Consent is only required for personal replicas. If you’re creating an AI replica or using AI-generated training video, you can skip this.

Recording Structure

Your video must be one continuous shot, containing 1 minute of speaking followed by 1 minute of listening. You can use a script provided by Tavus or speak on any topic of your choice.
Pro tips:
  • Keep body and head movements subtle
  • Avoid heavy hand gestures
  • Only one person should appear in the video
1

Opening

  • Begin with a big smile showing upper and lower teeth
  • Maintain direct eye contact with the camera for approximately 1 second
2

Speaking Segment (1 Minute)

  • Speak on any topic — content does not matter
  • Open your mouth clearly when speaking
  • Enunciate well, ensuring all teeth are fully visible
  • Keep visible space between your top and bottom teeth
  • Keep head and body movement minimal
  • Avoid hand gestures
  • Avoid sudden head turns
Sample script (optional):
Once upon a time, people built a perfect park in the middle of a busy city. This park was big, bright, and full of playful paths. At sunrise, birds sang above the tall trees. Families carried baskets packed with bread, fruit, and juice.

Children skipped and shouted, chasing balls and flying paper kites. In the afternoon, people played games. Some tapped paddles and bounced plastic balls. Others kicked soccer balls back and forth, laughing loudly with every point scored.

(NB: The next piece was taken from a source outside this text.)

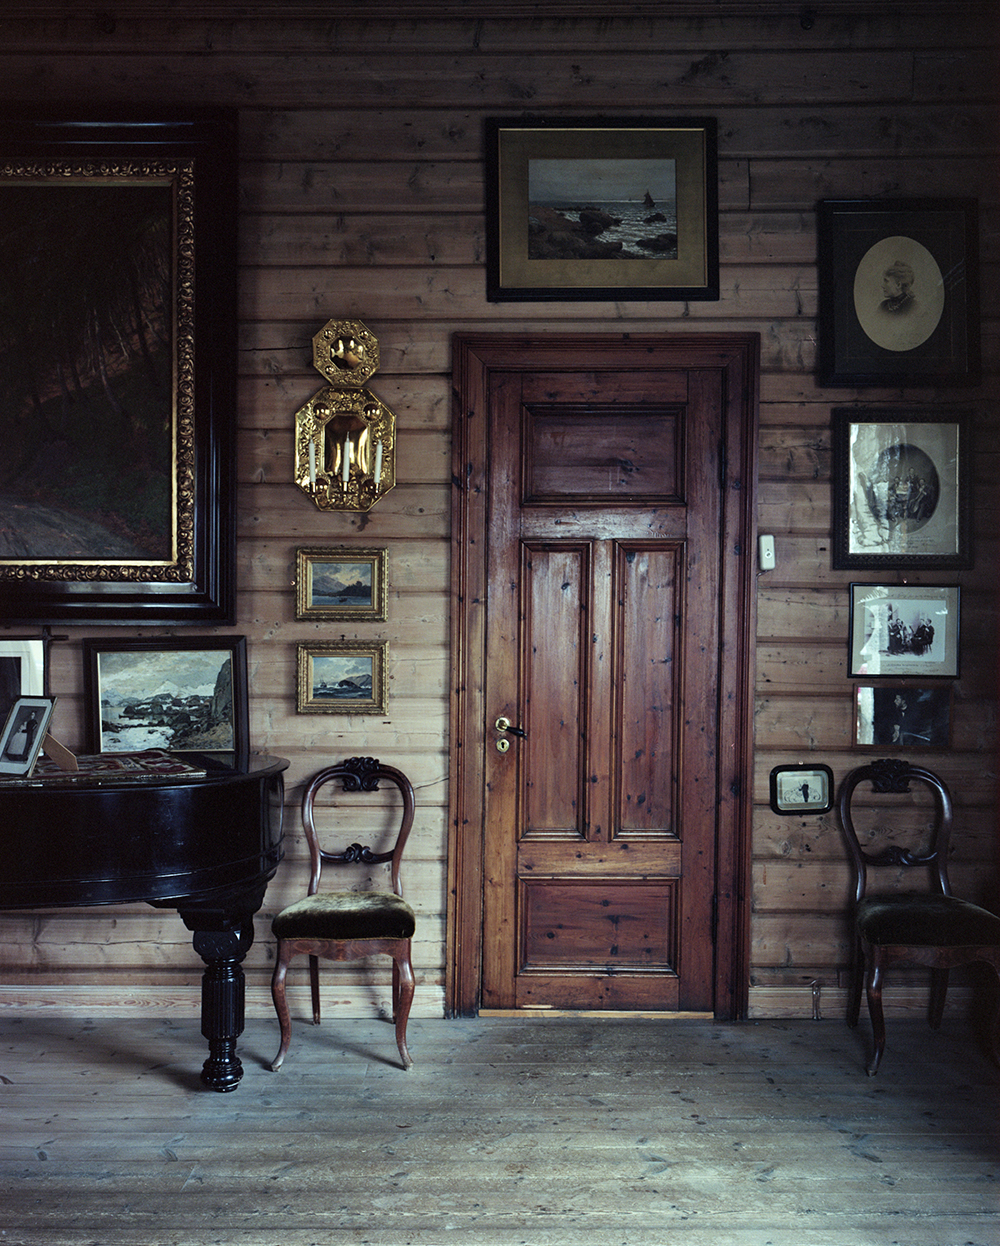 Edvard Grieg's living room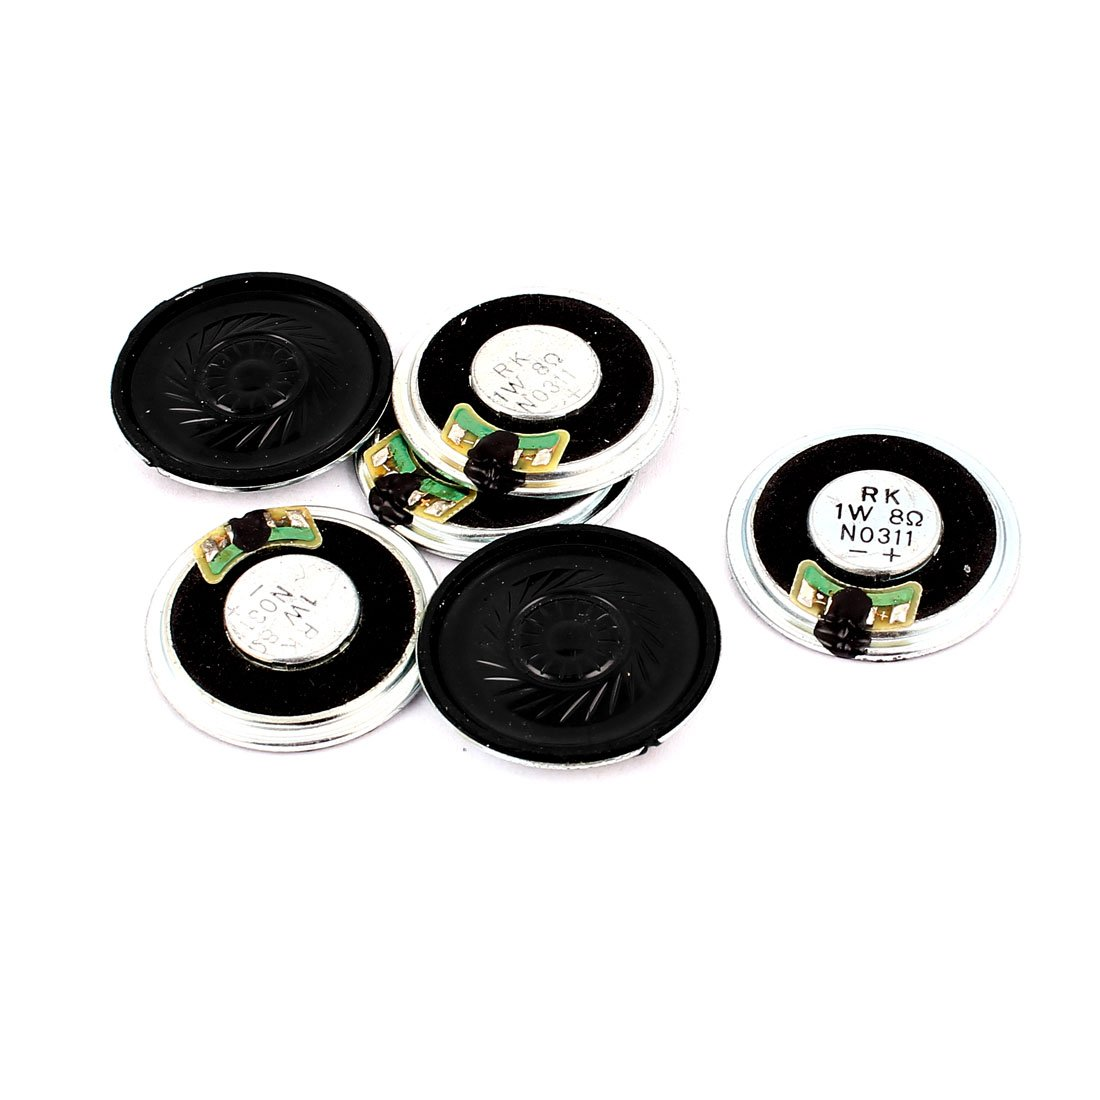 uxcell 1W 36mm Diameter 8 Ohm Internal Mini Magnet Speaker Loudspeaker 6Pcs

As the day went on, friends gathered for friendly competition. Some threw footballs through the warm air, while others tossed frisbees across the open grass, cheering with every perfect catch. At sunset, the park grew quiet again. People packed up their bags and said goodbye. The golden sky made the grass glow, and soft breezes moved through the leaves.

Today, parks are still places where people gather to play, to talk, and to breathe fresh air. From simple paths to shining playgrounds, parks bring peace, play, and plenty of happy moments. Places like that remain alive with voices, faces, and feelings, promising joy again tomorrow.
3

Listening Segment (1 Minute)

  • Transition naturally into a listening posture
  • Keep lips neutral and closed throughout
  • Maintain a steady head position
  • Avoid exaggerated expressions
  • Do not lick lips or form unusual mouth shapes
  • An occasional closed-lip smile is recommended
Replica training typically takes 4–5 hours. You can track the training progress by:

High-Quality Training Example

Full Body Replica

To create a full body replica for conversational video, follow these guidelines:

Framing & Orientation

  • The subject must be captured from head to toe, with no extra space above or below.
  • Record in vertical format (portrait mode) or crop appropriately to maintain vertical framing.

Posture & Movement

  • Remain standing still throughout the recording.
  • Avoid hand gestures or exaggerated body movements to maintain consistency and model quality.

Resolution & Quality

  • A 4K resolution is recommended for best results.
  • Ensure consistent lighting, with no shadows or sudden changes in exposure.